# EXERCISE DIRECTIONS:
Write out all of the entries below word for word.

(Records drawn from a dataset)
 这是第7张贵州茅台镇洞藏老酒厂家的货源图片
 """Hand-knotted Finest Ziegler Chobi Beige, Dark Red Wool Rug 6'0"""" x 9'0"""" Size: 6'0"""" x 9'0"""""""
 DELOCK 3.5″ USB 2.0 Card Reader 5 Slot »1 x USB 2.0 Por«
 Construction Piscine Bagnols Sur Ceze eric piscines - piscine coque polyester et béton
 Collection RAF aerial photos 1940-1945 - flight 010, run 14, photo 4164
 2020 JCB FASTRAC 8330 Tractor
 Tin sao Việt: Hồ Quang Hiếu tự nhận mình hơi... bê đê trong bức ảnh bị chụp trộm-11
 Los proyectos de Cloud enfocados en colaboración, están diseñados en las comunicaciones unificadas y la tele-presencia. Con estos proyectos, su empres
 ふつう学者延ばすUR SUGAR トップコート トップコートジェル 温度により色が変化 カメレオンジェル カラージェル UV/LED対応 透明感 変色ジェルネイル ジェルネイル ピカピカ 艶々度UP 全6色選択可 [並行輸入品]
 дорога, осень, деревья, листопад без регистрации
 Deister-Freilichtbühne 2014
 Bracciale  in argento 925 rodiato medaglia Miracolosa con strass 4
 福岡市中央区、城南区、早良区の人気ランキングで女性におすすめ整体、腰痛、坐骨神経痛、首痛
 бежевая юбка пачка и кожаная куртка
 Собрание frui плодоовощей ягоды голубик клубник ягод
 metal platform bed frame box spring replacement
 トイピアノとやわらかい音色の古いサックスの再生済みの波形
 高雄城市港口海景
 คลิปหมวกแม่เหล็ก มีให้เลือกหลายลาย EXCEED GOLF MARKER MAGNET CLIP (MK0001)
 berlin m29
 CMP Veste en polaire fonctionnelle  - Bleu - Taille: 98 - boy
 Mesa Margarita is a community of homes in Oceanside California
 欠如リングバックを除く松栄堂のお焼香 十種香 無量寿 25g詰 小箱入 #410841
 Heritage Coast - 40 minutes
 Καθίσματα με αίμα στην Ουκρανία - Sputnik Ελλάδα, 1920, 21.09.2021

# SOLUTION:
 这是第7张贵州茅台镇洞藏老酒厂家的货源图片
 """Hand-knotted Finest Ziegler Chobi Beige, Dark Red Wool Rug 6'0"""" x 9'0"""" Size: 6'0"""" x 9'0"""""""
 DELOCK 3.5″ USB 2.0 Card Reader 5 Slot »1 x USB 2.0 Por«
 Construction Piscine Bagnols Sur Ceze eric piscines - piscine coque polyester et béton
 Collection RAF aerial photos 1940-1945 - flight 010, run 14, photo 4164
 2020 JCB FASTRAC 8330 Tractor
 Tin sao Việt: Hồ Quang Hiếu tự nhận mình hơi... bê đê trong bức ảnh bị chụp trộm-11
 Los proyectos de Cloud enfocados en colaboración, están diseñados en las comunicaciones unificadas y la tele-presencia. Con estos proyectos, su empres
 ふつう学者延ばすUR SUGAR トップコート トップコートジェル 温度により色が変化 カメレオンジェル カラージェル UV/LED対応 透明感 変色ジェルネイル ジェルネイル ピカピカ 艶々度UP 全6色選択可 [並行輸入品]
 дорога, осень, деревья, листопад без регистрации
 Deister-Freilichtbühne 2014
 Bracciale  in argento 925 rodiato medaglia Miracolosa con strass 4
 福岡市中央区、城南区、早良区の人気ランキングで女性におすすめ整体、腰痛、坐骨神経痛、首痛
 бежевая юбка пачка и кожаная куртка
 Собрание frui плодоовощей ягоды голубик клубник ягод
 metal platform bed frame box spring replacement
 トイピアノとやわらかい音色の古いサックスの再生済みの波形
 高雄城市港口海景
 คลิปหมวกแม่เหล็ก มีให้เลือกหลายลาย EXCEED GOLF MARKER MAGNET CLIP (MK0001)
 berlin m29
 CMP Veste en polaire fonctionnelle  - Bleu - Taille: 98 - boy
 Mesa Margarita is a community of homes in Oceanside California
 欠如リングバックを除く松栄堂のお焼香 十種香 無量寿 25g詰 小箱入 #410841
 Heritage Coast - 40 minutes
 Καθίσματα με αίμα στην Ουκρανία - Sputnik Ελλάδα, 1920, 21.09.2021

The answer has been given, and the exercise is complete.